Sentinel-2 remote sensing image dataset was used to extract large and medium-sized roads in [25]. A split depth-wise separable graph convolutional network was proposed for vegetation cover and road extraction [26]. A cascaded attention-enhanced architecture was proposed to extract boundary-refined roads from remote sensing images and obtained state-of-the-art results on the high-resolution Massachusetts dataset [27]. The performance of deep learning models highly depends on the quantity and quality of the dataset. However, the datasets used in the previous studies were mostly at local or regional scales. Even though transfer learning and weakly supervised learning techniques can be used to alleviate this requirement [28], accurate extraction of large-scale road data remains challenging [29].

The main challenges in large-scale road detection include the variety of road and background appearance, limited road network labels, and expensive parallel computing power. As demonstrated in [30,31], the type of land cover influences the road extraction performance of the DCNNs. According to the No Free Lunch Theorem (NFLT) in machine learning, adapting to all kinds of research regions is commonly difficult for a deep learning-based model.

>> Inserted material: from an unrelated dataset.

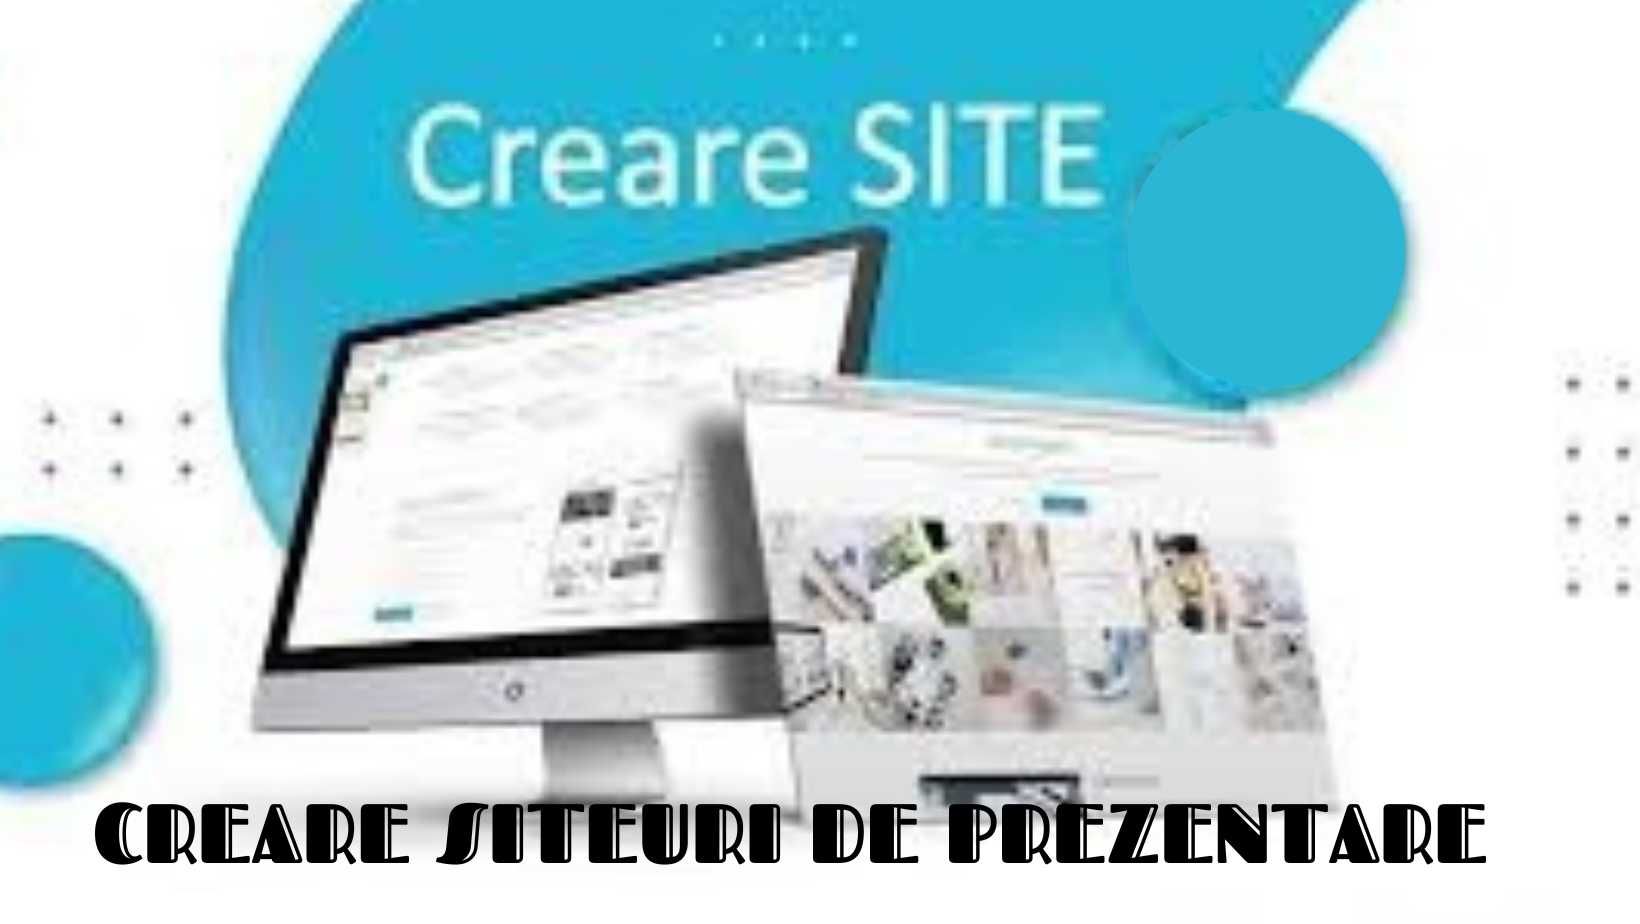 Creare Siteuri De Prezentare - Magazin Online - Promovare siteuri

Therefore, it is theoretically reasonable to establish a classification model that is specifically applied to a particular problem. Inspired by this, this paper proposes a background-adaptive road extraction framework, where the DCNN is trained for the specific regions with certain land use types. In our previous work [31], the OpenStreetMap (OSM) was used to automatically generate reliable ground truth of networks, and Esri 2020 Land Cover Dataset was taken as the background land cover information. The recent development of cloud-based computing platforms provides a flexible and economical option for establishing deep learning projects. In this study, the Google Earth Engine (GEE) and the machine learning platform Google Colaboratory were used to implement the proposed model.

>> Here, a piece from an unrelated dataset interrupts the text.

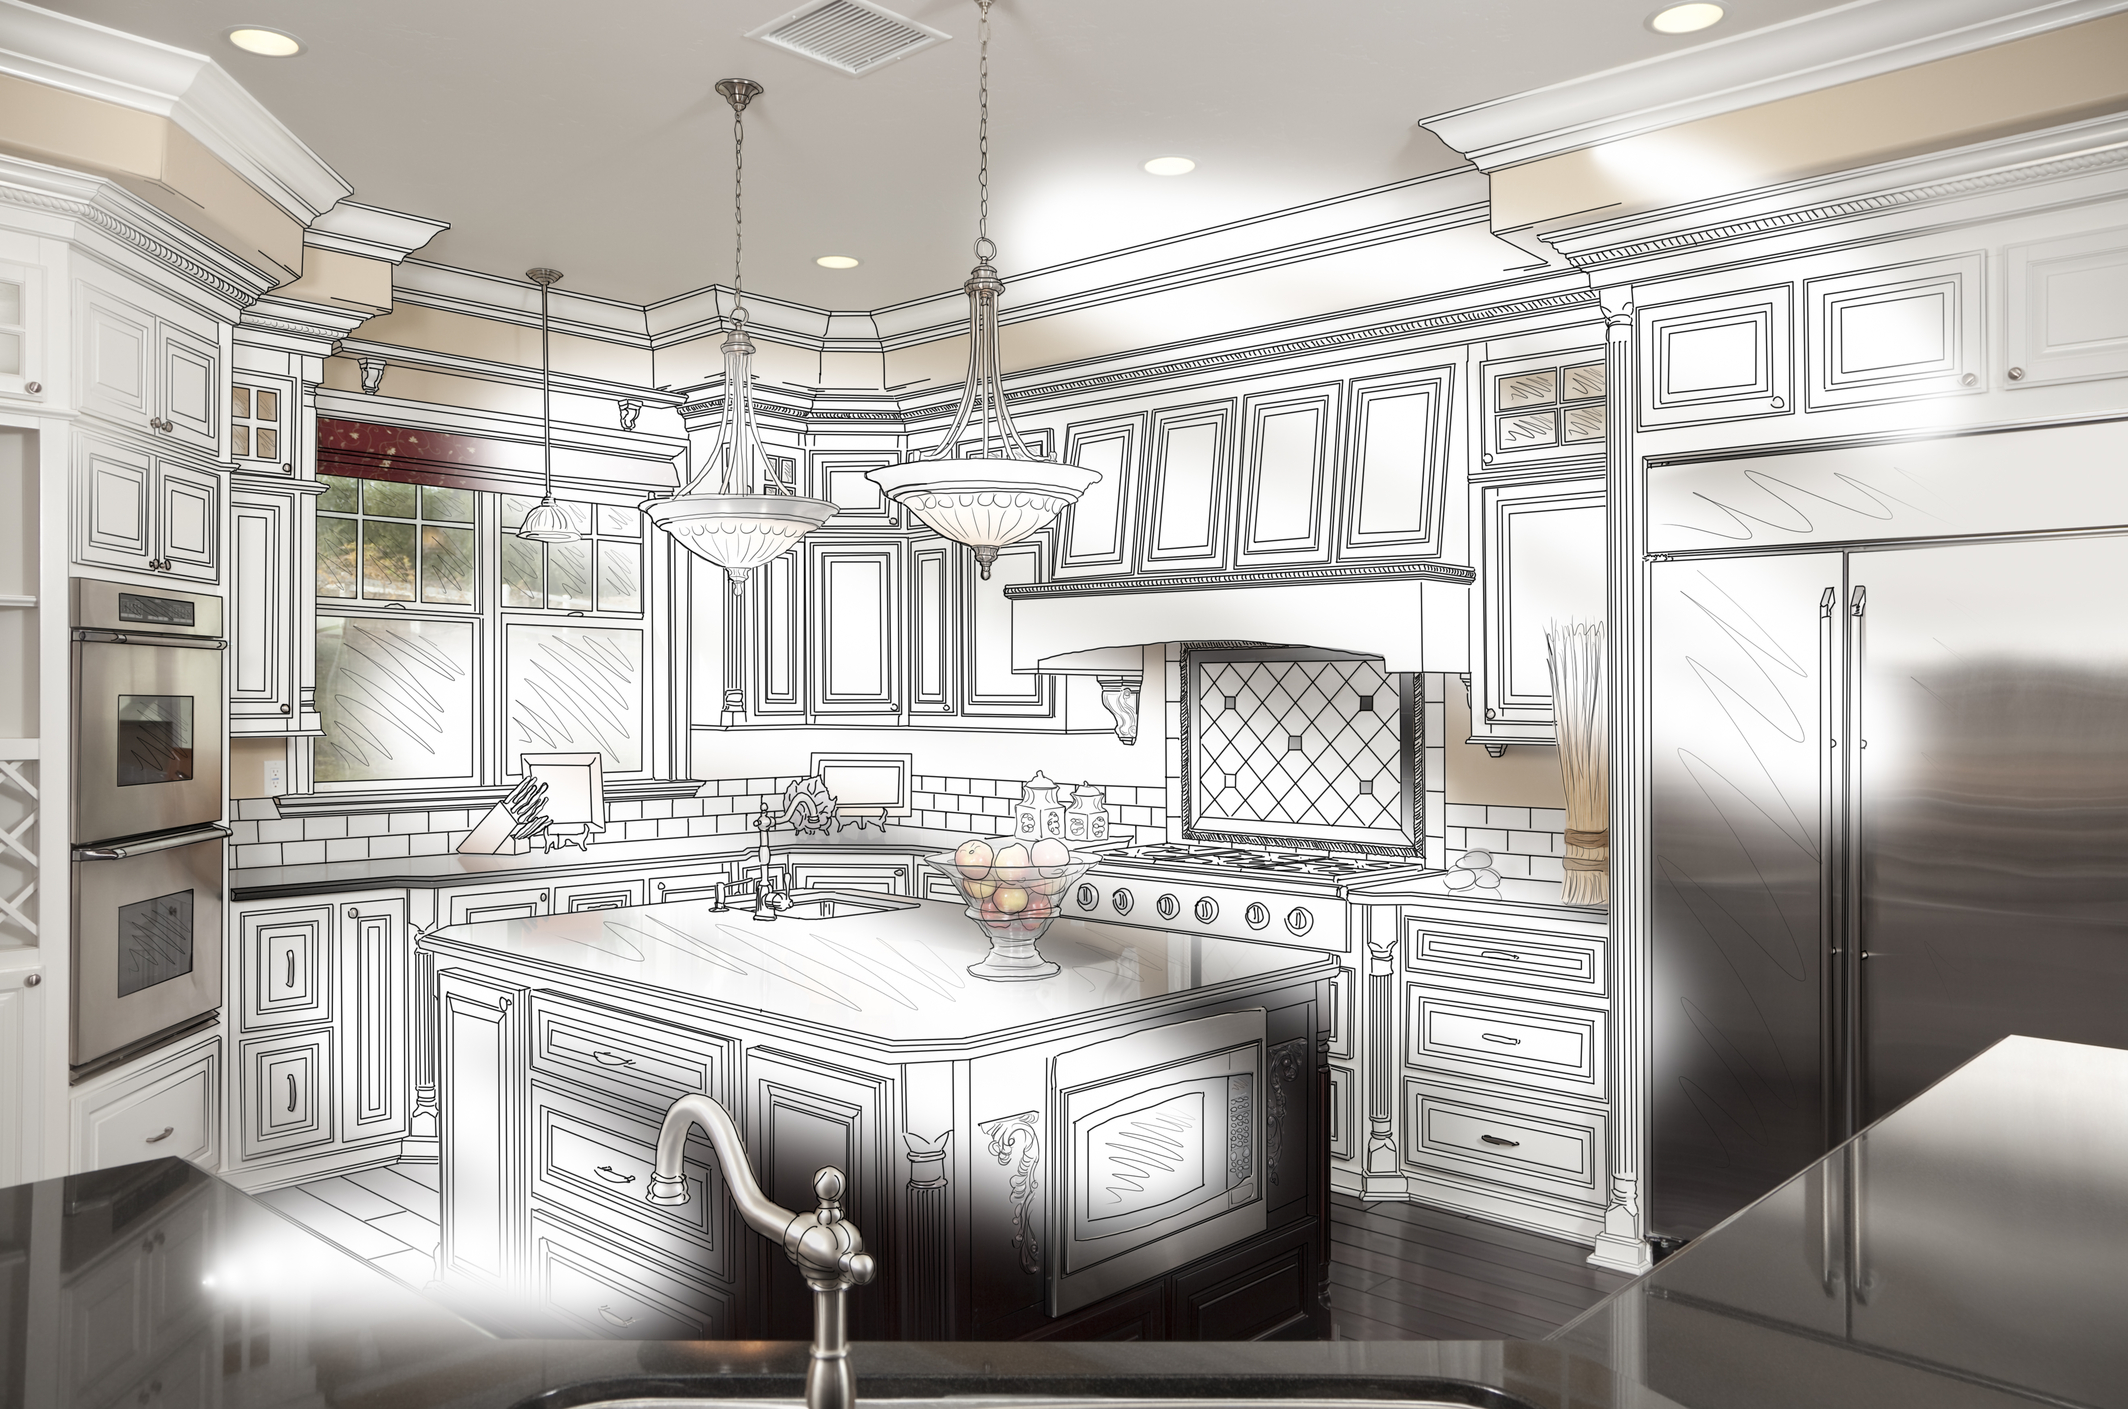 Kitchen Design Bradenton | Schrader Home Improvement Specialist 941-962

The key scientific questions to be solved in this study are: (1) whether it is beneficial to train the deep learning-based road extraction models adaptively; (2) how to cluster the sample images according to their land cover types to achieve the best adaptive training performance; (3) what is the relationship between the performance of the deep learning-based road extraction algorithm and land cover type over the study area.

In order to answer the above problems, the remainder of this paper is structured as follows: First, we introduce the study area and dataset used in the experiment. Secondly, we describe our methods and experimental design in detail. Then, we present the experimental results, evaluation, and discussions. Finally, a conclusion is drawn, in which the above key scientific questions are answered.

2. Study Area and Dataset

2.1. Study Area

The study area in this paper is selected within the “One Belt and One Road” initiative region, which covers countries in Asia and Eastern Europe. Accurately obtaining changes in road networks contributes to the cooperation and development of countries in this region, aiding integration into a cohesive economic zone via infrastructure, cultural exchanges, and trade.

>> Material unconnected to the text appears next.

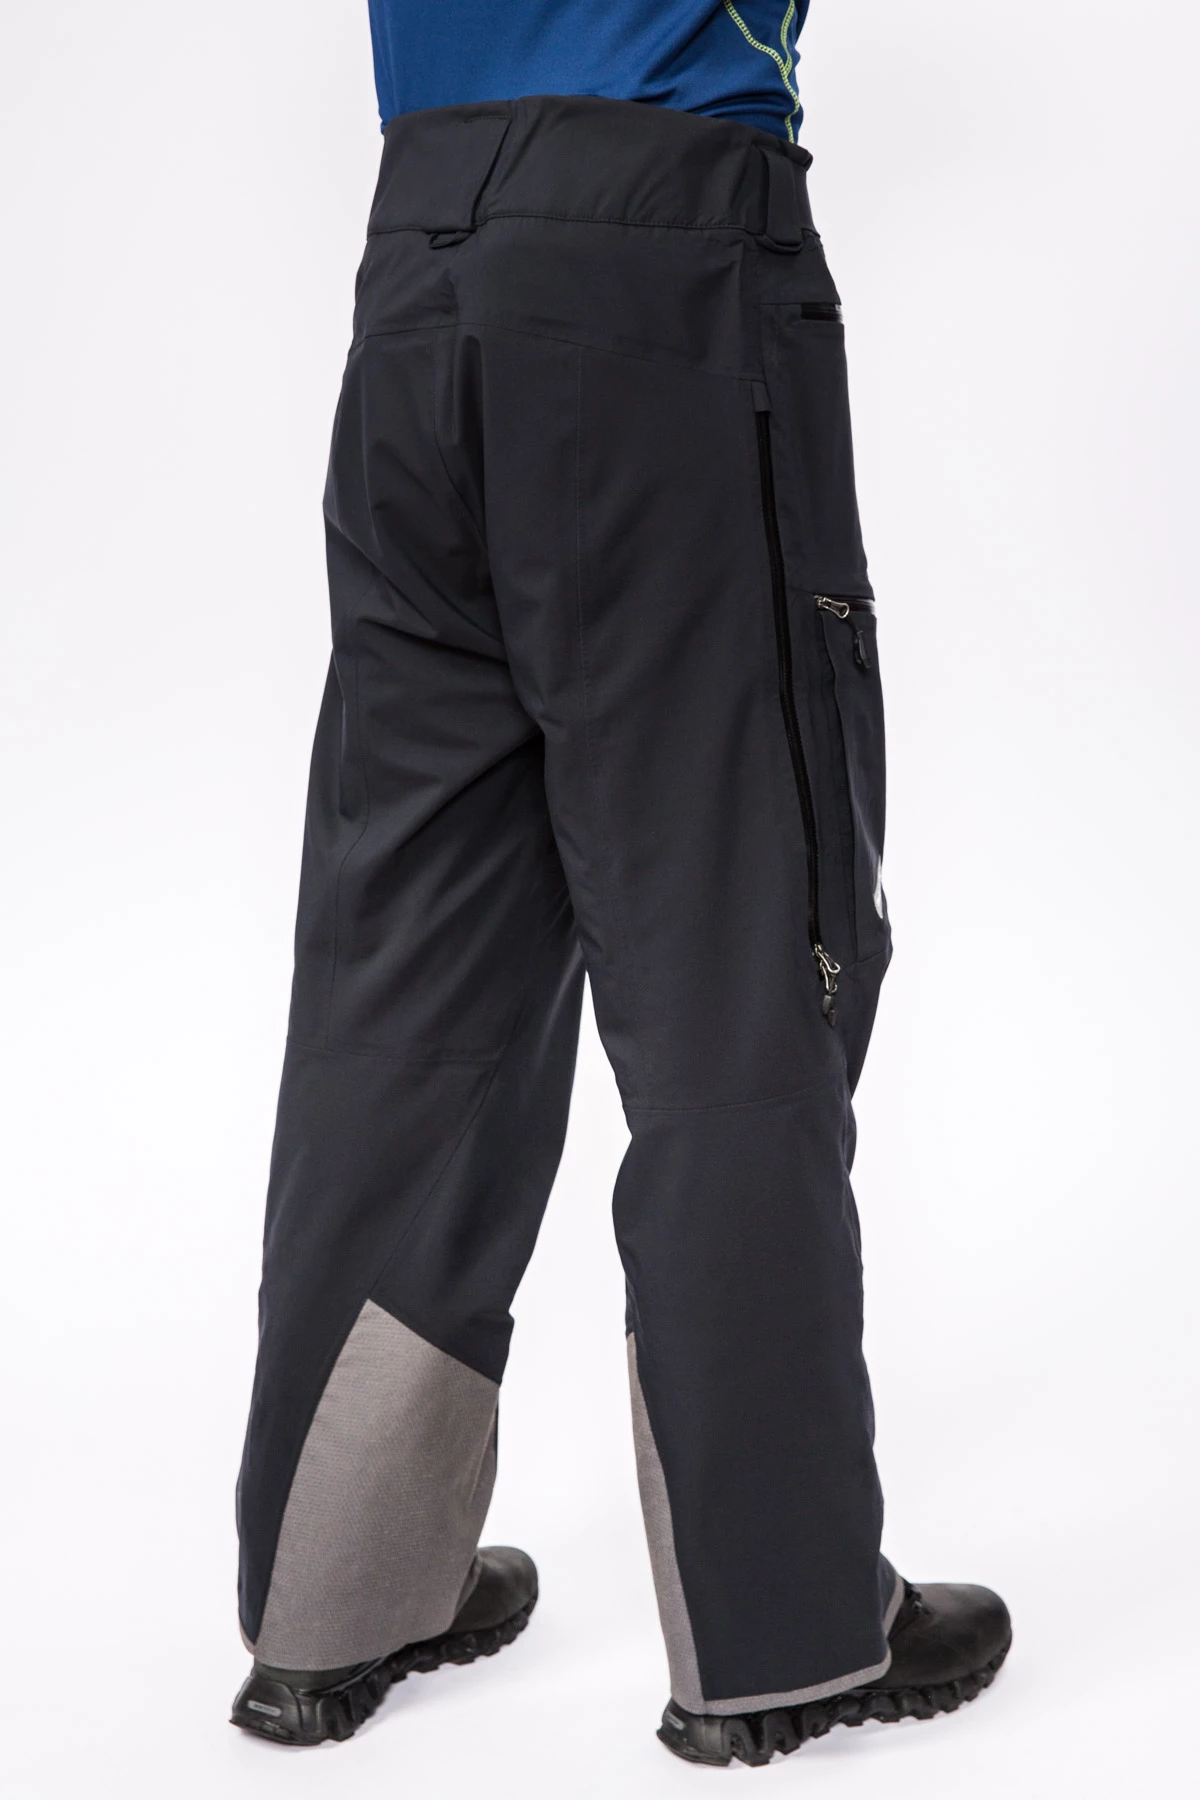 Мембранные брюки Dermizax 3L мужские 17-20915 10 изображение 4

As shown in Figure 1, the data samples with various land cover types were collected from randomly selected countries, including Mongolia, Russia, Cambodia, Armenia, and China. The statistics of the proportions of all land cover types in the study area are shown in Figure 2, showing that trees, crops, scrub/shrub, and built area account for a majority of the proportion. Bare ground, snow/ice, and clouds accounted for a relatively very little proportion.

2.2. Dataset

All the images in the datasets were clipped with a grid of 1024 × 1024 pixels, obtaining 6820 sample images in total. The datasets used in this study include Sentinel-2 image, Esri 2020 Land Cover, and OSM data, as shown in Table 1.

In this study, Sentinel-2 level-1C products provided by the European Space Agency were used to train the DCNN model. The (mostly) cloudless Sentinel-2 images of the study area were preprocessed using the Google Earth Engine (GEE) [32], where the visible bands (B2, B3, B4) with 10m resolution were used. Multiple images collected at different times for one year (1 January–1 December 2019) were median-filtered to obtain reliable images [33], under the assumption that the road regions are not changed. The mean filter allows for avoiding the over-saturation and underestimation of the vegetation due to phenological changes [34].

The OpenStreetMap (OSM) [35] is an open dataset collected by non-expert users who have a certain understanding of the region using various devices, such as satellite images, hand-held GPS devices, aerial photos, and satellite images. Although the OSM dataset is a large-scale dataset, it has inconsistent conditions for road data. According to [26], the OSM data is inconsistent, but this is, however, an acceptable amount for road extraction tasks. The original OSM data (vector form) is rasterized to be suitable for pixel-wise road extraction tasks. A buffer with a diameter of 10m was used considering the pixel resolution and sub-pixel extraction accuracy of Sentinel-2 data [35].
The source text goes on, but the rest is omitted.